Frans lebih lanjut mengatakan, buki bahwa mess itu terkait dengan soal eksistensi sejarah integrasi Papua ke Indonesia ini ditunjukkan dengan prasasti yang menandai peresmian mess Cenderawasih tersebut. Di prasasti itu ada kalimat: Dipersembahkan kehadapan Rakyat Indonesia yang berasal dari Irian Barat. oleh Sekretariat Kordinator Urusan Irian Barat Wakil Perdana Menteri Sutjipto ( Jakarta, 17 September 1964).

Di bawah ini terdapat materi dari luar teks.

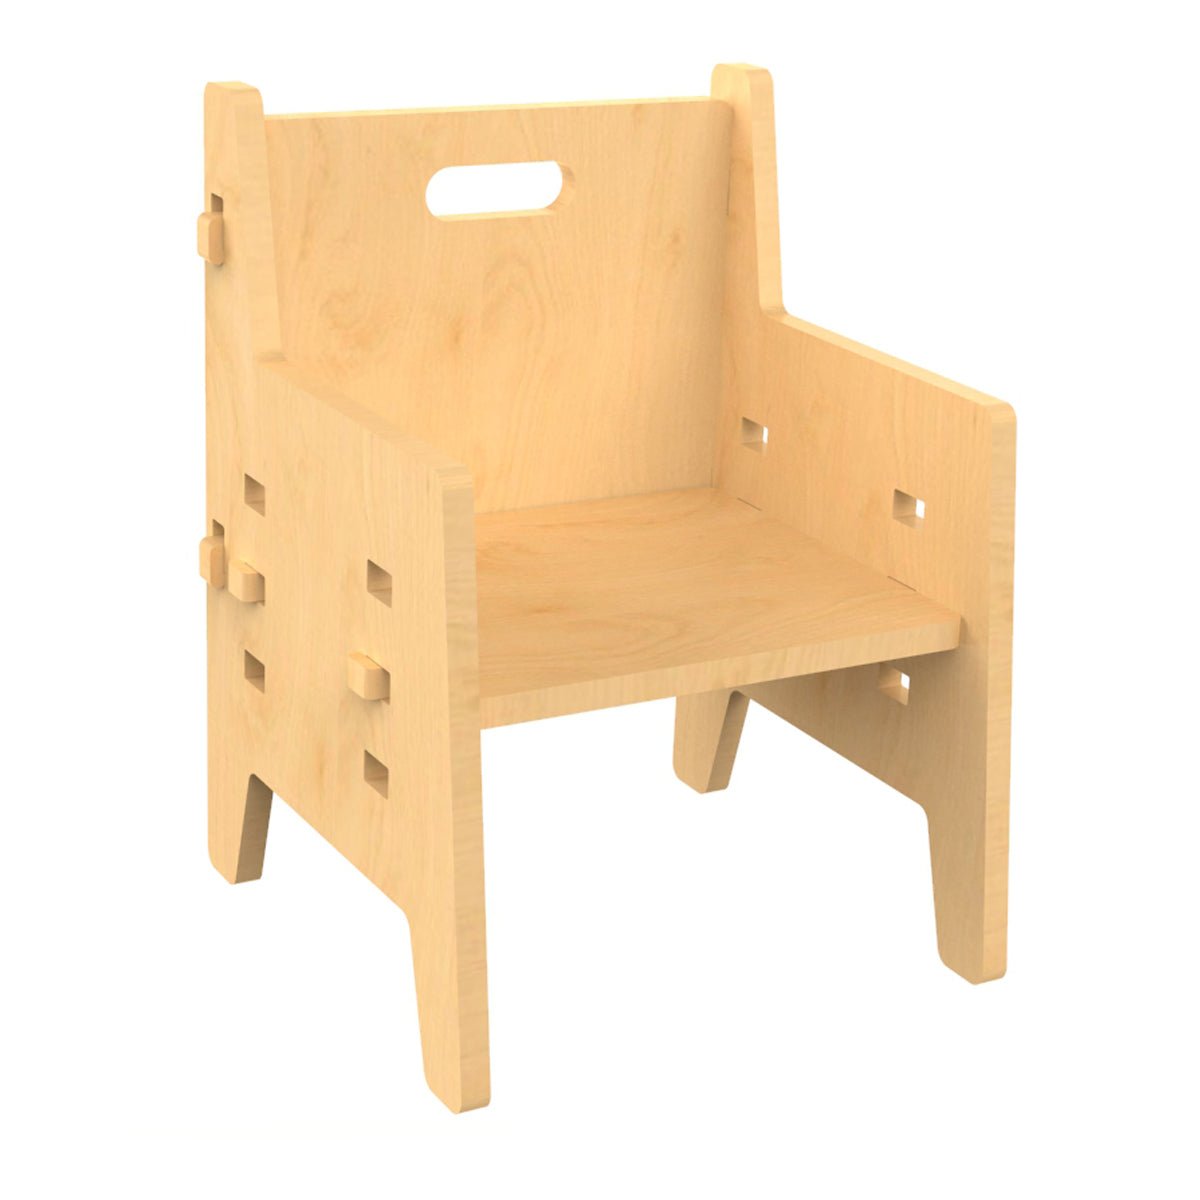 X&Y Purple Mango Weaning Chair - Natural - FG120918N
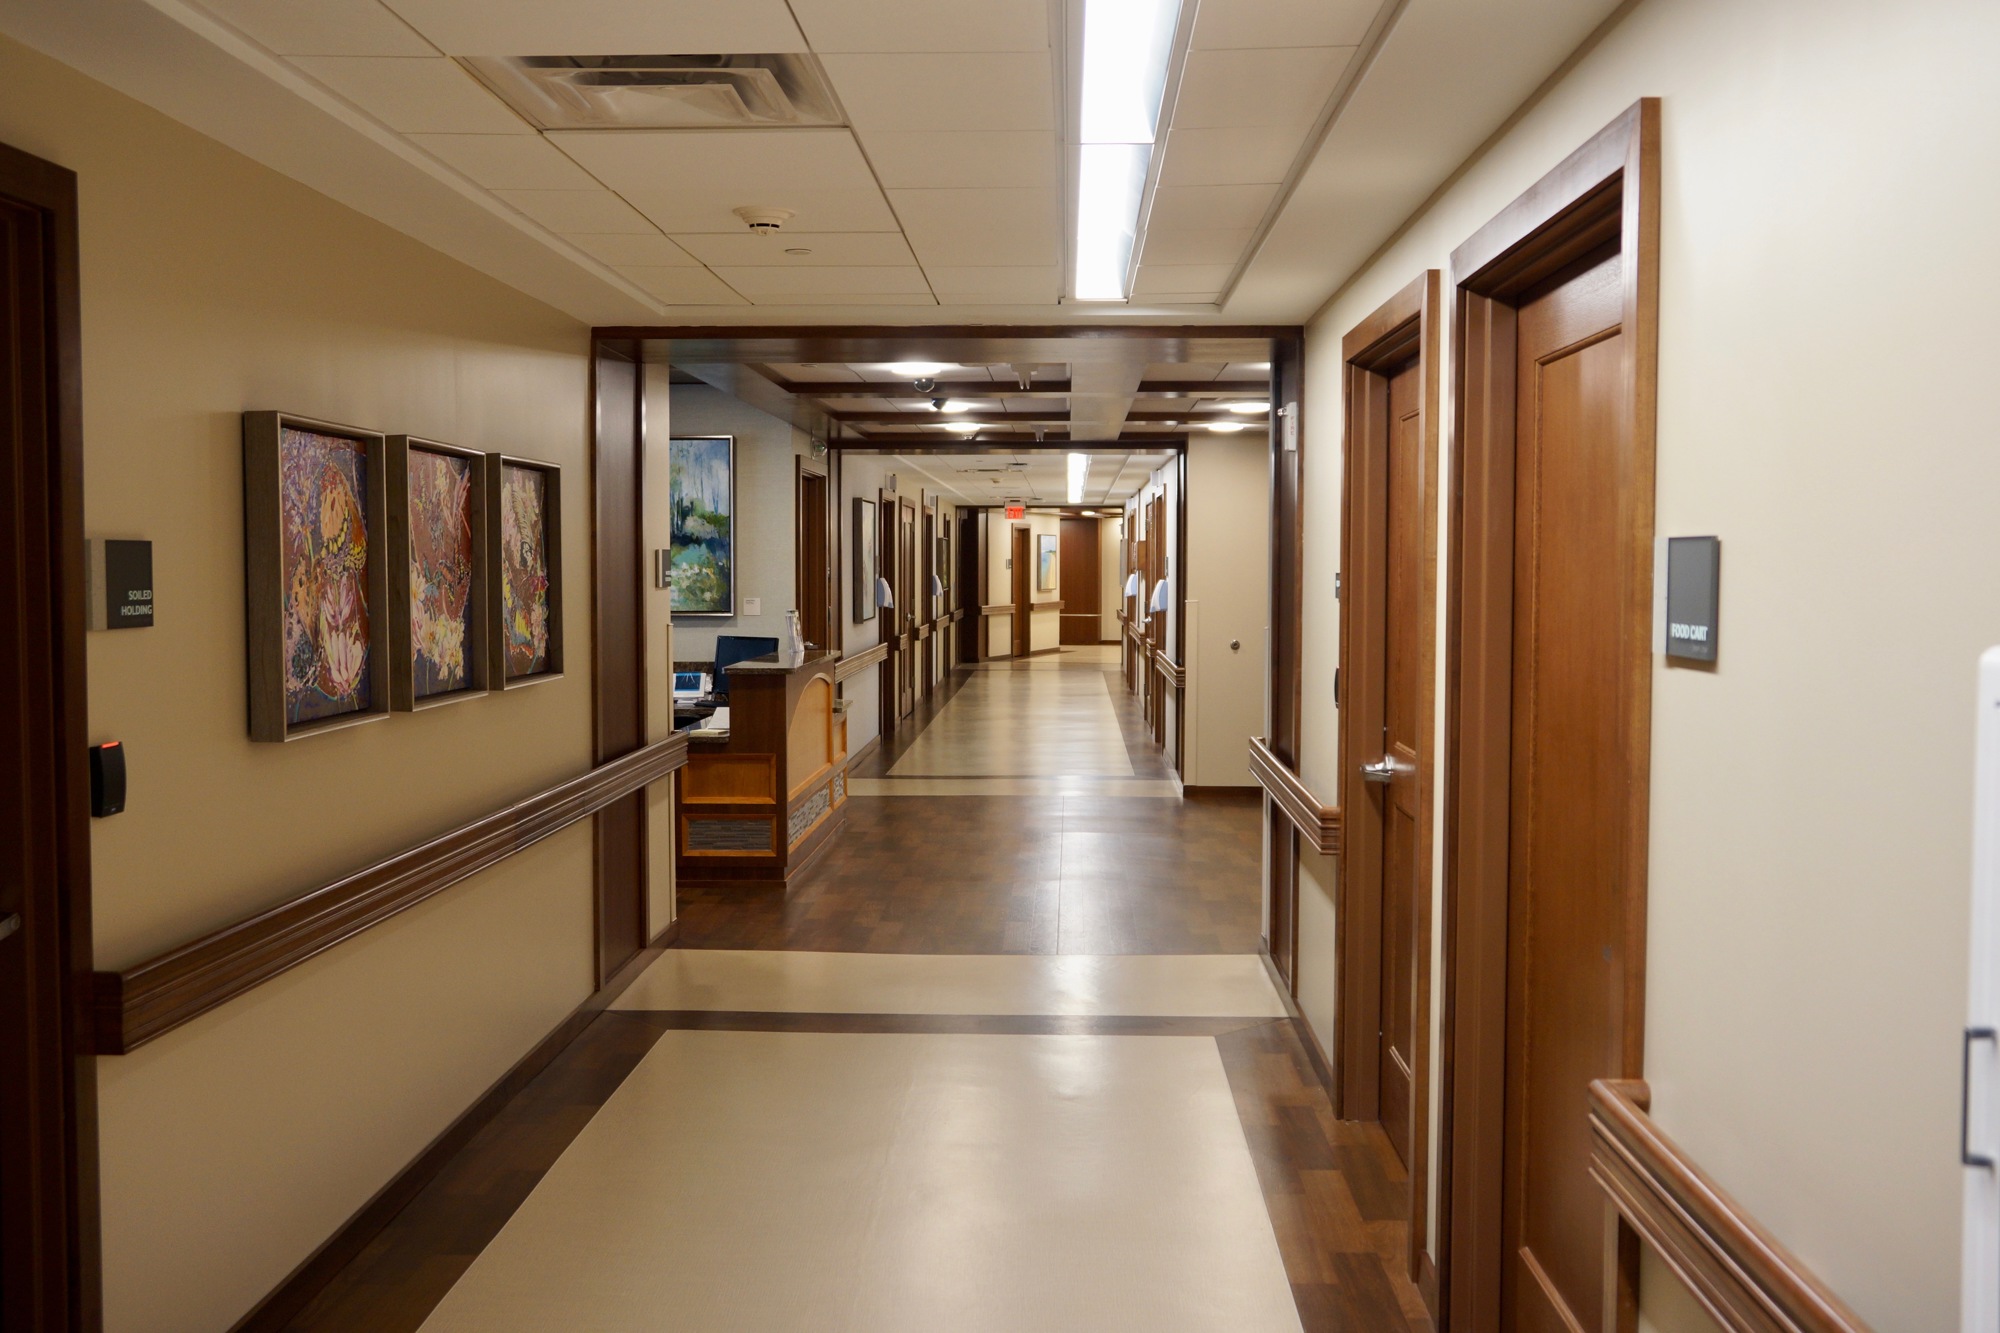 A hallway at the facility.

“Perlu diketahui bahwa kantor Sekretariat Bersama Urusan Irian Barat ( Sekber) yang saat itu ternyata bertempat di kawasan yang sekarang dijadikan ibu Megawati Soekarnoputri sebagai Kantor DPP PDIP dijalan Diponegoro Menteng Jakarta Pusat,” kata Manigasi kembali.
Menurut dia, tugas dan fungsi dari kantor Sekber Irian Barat pada masa itu adalah menyeleksi setiap orang yang akan bertugas ke Papua melalui proses seleksi dan skrening yang selektif dan ketat. Orang-orang yang didatangkan dari luar Papua selain sesuai kebutuhan dan tapi juga memiliki profesionalisme dan berintegratas untuk bekerja dan melayani di Papua.
Baca Juga: Gelaran Festival Danau Sentani 2022 Dimeriahkan oleh 20 Sanggar Budaya Papua
Kala itu, ungkap Manigasi, tenaga-tenaga kerja itu seperti guru, pegawai negeri, dokter, perawat, dan banyak lagi tenaga-tenaga sukarelawan yang benar-benar hendak bekerja dan mengabdi di Papua. Sebaliknya mess mess yang dihibahkan oleh Presiden Soekarno tidak hanya diperuntukkan untuk para pejuang tapi juga orang-orang Papua yang ditempatkan bekerja dikantor-kantor kementerian termasuk para pemuda dan pelajar yang memperoleh tugas belajar di Jakarta dan di kota-kota studi lain di Jawa.
“Jadi pemerintahan Presiden Soekarno menanamkan dan menumbuhkan rasa kebangsaa dalam rangka nation building ke Indonesiaan baik bagi Orang – orang Papua maupun masyarakat Indonesia terhadap Papua atau Irian Barat pada awal integrasi.”
Dalam konteks itu, kata Maniagasi, yakni diawal penyatuan Papua-Presiden Soekarno dan Pemerintahannya benar-benar menunjukan niat dan perhatian yang serius dan sungguh-sungguh kepada Orang Papua, terlepas dari ada yang berpendapat lain dalam merespons politik Soekarno.
“Jadi mess Cenderawasih itu dapat dilihat dari dua perspektif yaitu simbolik sebagai lambang yang tak hanya dipandang semata – mata dari aspek fisik dan asset bangunannya yang hari ini hendak ditransaksionalkan dan dikomersialkan oleh Pemerintah Provinsi Papua dalam rangka upaya menambah pundi pundi kas daerah (APBD) saja,” tegasnya.
Pemerintah Provinsi Papua mesti membuka ruang dialog
Melihat kenyataan itu, ungkap Maniagasi, alngkah eloknya jika Pemerintah Provinsi Papua yang hendak menjual asset mess Cenderawasih itu membuka ruang – ruang dialog dengan penghuni mess dan sekaligus memberikan win – win solusi bagi penghuninya yang nota bene adalah masyarakat Papua sendiri. Apalagi, para penghuni mess telah mendiammnya selama turun temurun, yakni sudah mencapai tiga generasi.
”Maka bila akan digusur, lakukanlah dengan penuh kedamaian. Berikan penghuni jaminan tempat tinggal yang layak dan memadai. Calon investor misalnya dapat membangun rumah susun atau perumahan yang layak huni,” katanya.
Selain itu, lanjut Frans, tunjukan sikap bahwa Pemda Provinsi Papua mampu menyelesaikan permasalahan rumah tangganya sendiri dengan masyarakatnya tanpa menggunakan cara – cara ancaman dan kekerasan. Apalagi kasus ini berada di pusat ibu kota negara Jakarta. Perlu diingat juga bahwa mess Cenderawasih dan mess Papua lainnya di ibu kora adalah asset negara.
“Saya hanya mengingatkan jangan karena kepentingan pragmatisme, komersialisasi dan ingin menambah dana dikas daerah, Pemda Provinsi Papua mengorbankan rakyatnya ( penghuni mess) sendiri,” tandas Frans Maniagasi.